(San Francisco) A man who attacked with a hammer the husband of Nancy Pelosi, the former Democratic leader of the House of Representatives in the United States, was sentenced Friday in San Francisco to 30 years in prison.
David DePape was convicted at the end of 2023 of entering the couple’s home in San Francisco in October 2022 and fracturing Paul Pelosi’s skull.
Nancy Pelosi was at the time the third-ranking figure in the state as Speaker of the House of Representatives and was regularly the target of conspiracy theories fueled by the far right.
The trial showed how Mr. DePape, an illegal Canadian carpenter with a solitary lifestyle, was immersed in a world poisoned by disinformation before taking action.
If he initially wanted to attack the parliamentarian, Nancy Pelosi was in Washington that day and not at her home in San Francisco.
Ahead of Friday’s hearing, Nancy Pelosi asked the judge to impose “a very long” sentence for this attack “which had devastating effects on three generations” of her family.
“Even today, 18 months after the intrusion and the attack, the traces of blood and break-in are impossible to avoid,” she declared in court documents cited by the daily San Francisco Chronicle.
During his trial, the 43-year-old recounted — sometimes in tears — how he became an avid listener of far-right podcasts.
“Breaking the kneecaps”
On social networks, he notably shared publications claiming that American elites were corrupt and engaged in pedophilia, or that the 2020 presidential election had been stolen from Donald Trump.
On the day of the attack, he broke into the Pelosi couple’s home in San Francisco with rope, gloves and duct tape.
He admitted to investigators that he planned to “break the kneecaps” of the elected official if she did not admit to the “lies” of the Democratic camp.
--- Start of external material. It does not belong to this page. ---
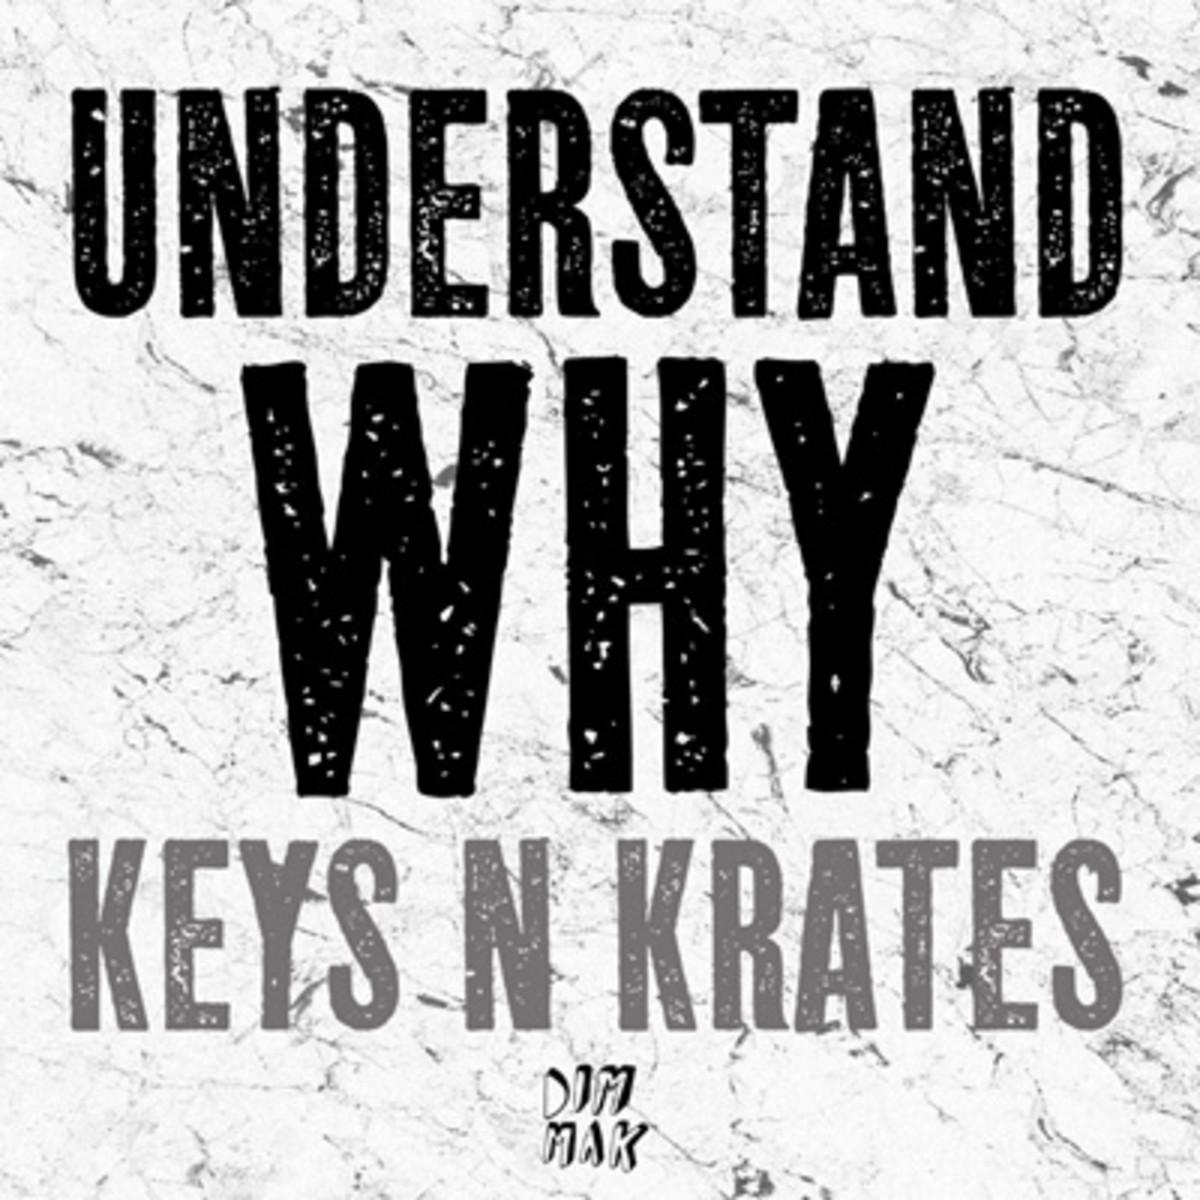 keysnkrates-understandwhy.jpg

Paul Pelosi had managed to alert the police, who intervened at the last minute. The attack was filmed by the officers’ body-worn camera.
Occurring a few days before the midterm elections, the affair illustrated the seriousness of the effects of disinformation in the campaign, as well as the deep divisions in the United States.
Some members of the Republican Party had mocked the attack or expressed some skepticism despite the images.
The boss of .
The Attorney General of the United States, Merrick Garland, said Friday that this conviction should serve as a warning against those who would attack political figures or their families.
“In a democracy, we vote, we defend, and we debate to achieve the political result we want. But the promise of democracy is that we do not use violence to influence that outcome,” he said in a statement.
After this sentence pronounced by the federal courts, David DePape must now be tried by the Californian courts.